What is a moustache hair transplant?
A moustache hair transplant is a facial hair transplant procedure in which healthy hair follicles are taken from a donor area on the patient’s body and implanted into the upper lip area. The objective is to restore natural-looking moustache density with the correct angle, direction, and shape so the result blends seamlessly with surrounding facial hair. Moustache restoration is one of the most precision-dependent procedures in facial hair transplantation because the upper lip area is small, highly visible, and reads as unnatural very quickly if angles or shape are off.
Can you actually transplant a moustache?
Yes. Moustache transplantation is a well-established hair restoration procedure performed routinely at specialist clinics worldwide. The procedure relocates DHT-resistant donor follicles, the same category used to treat male pattern baldness, into the upper lip to restore moustache hair density. Once the transplanted hair follicles integrate, they grow continuously for life, behaving like the donor hair from which they were taken. A skilled surgeon designs the moustache shape to suit the patient’s face and places single hairs along the front edge for a natural appearance.
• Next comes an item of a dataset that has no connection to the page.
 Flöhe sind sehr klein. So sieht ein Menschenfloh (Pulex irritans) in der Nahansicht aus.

How does the procedure work?
At Eugenix, every moustache hair transplant is performed using the flagship Direct Hair Transplant (DHT) technique, an evolution of follicular unit extraction that keeps out-of-body time for each graft under 30 minutes compared to 3 to 4 hours in standard FUE. The entire procedure is performed under local anesthetic, on an outpatient basis, and typically runs 2 to 4 hours.
The doctor first designs and creates the recipient sites along the upper lip following the ADDD principle: Angle, Depth, Density, and Direction. The doctor uses a fine instrument to create tiny incisions matched precisely to the natural growth direction of moustache hair, then performs follicular unit scoring during extraction, aligning the motorized punch precisely along the angle of each donor hair before each incision. Senior surgical assistants perform graft removal from the donor sites and implantation into the pre-made recipient slits using the SAVA Implanter, a patented no-root-touch device. Extraction and implantation happen simultaneously rather than in sequence. The doctor may also assist with implantation depending on the case. The procedure is minimally invasive, with no stitches and no overnight stay required.
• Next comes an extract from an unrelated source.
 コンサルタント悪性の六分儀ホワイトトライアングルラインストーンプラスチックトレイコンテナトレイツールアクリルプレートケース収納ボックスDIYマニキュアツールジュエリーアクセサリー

How many grafts are needed for a moustache hair transplant?
How many grafts a patient needs depends on the area to cover, current density, and the level of fullness targeted. Partial enhancement of a thin moustache typically requires fewer hair grafts; full reconstruction in a patient with little to no native hair needs significantly more. Most cases fall in the 200 to 600 graft range, but there is no universal number, and any responsible plan is built only after a detailed evaluation of the donor and recipient areas. The Eugenix surgical team finalises the graft plan during your initial consultation.
What is the donor area used for the procedure?
The donor area depends on the individual case. In most patients, beard hair from the cheek or below the jawline is the preferred donor because it most closely matches moustache hair in texture, calibre, and growth pattern. Patients with a full beard typically have ample donor capacity. Where beard area density is limited, scalp hair from the safe donor zone at the back and sides of the scalp area may be used selectively. Healthy follicles harvested from these donor sites integrate well into the upper lip and produce new beard hairs and moustache hairs that grow in line with the surrounding facial hair pattern. The exact donor strategy is decided during the surgical consultation.
Can a beard and moustache transplant be done together?
Yes. Many patients pursue a combined beard and moustache transplant when both areas are sparse or scarring has affected the lower face. The combined beard and moustache transplant is typically planned in a single sitting, since the donor area and the surgical team are already engaged. The combined approach also helps the surgeon design a coherent overall shape rather than restoring one area in isolation. A standalone beard transplant uses the same DHT technique and the same donor zones, and a standalone moustache restoration follows similar principles. Patients who have already had a beard transplant elsewhere can still pursue moustache restoration as a second sitting; in such cases, the beard transplant history is reviewed in consultation so the surgeon can adjust the plan to account for prior donor extraction.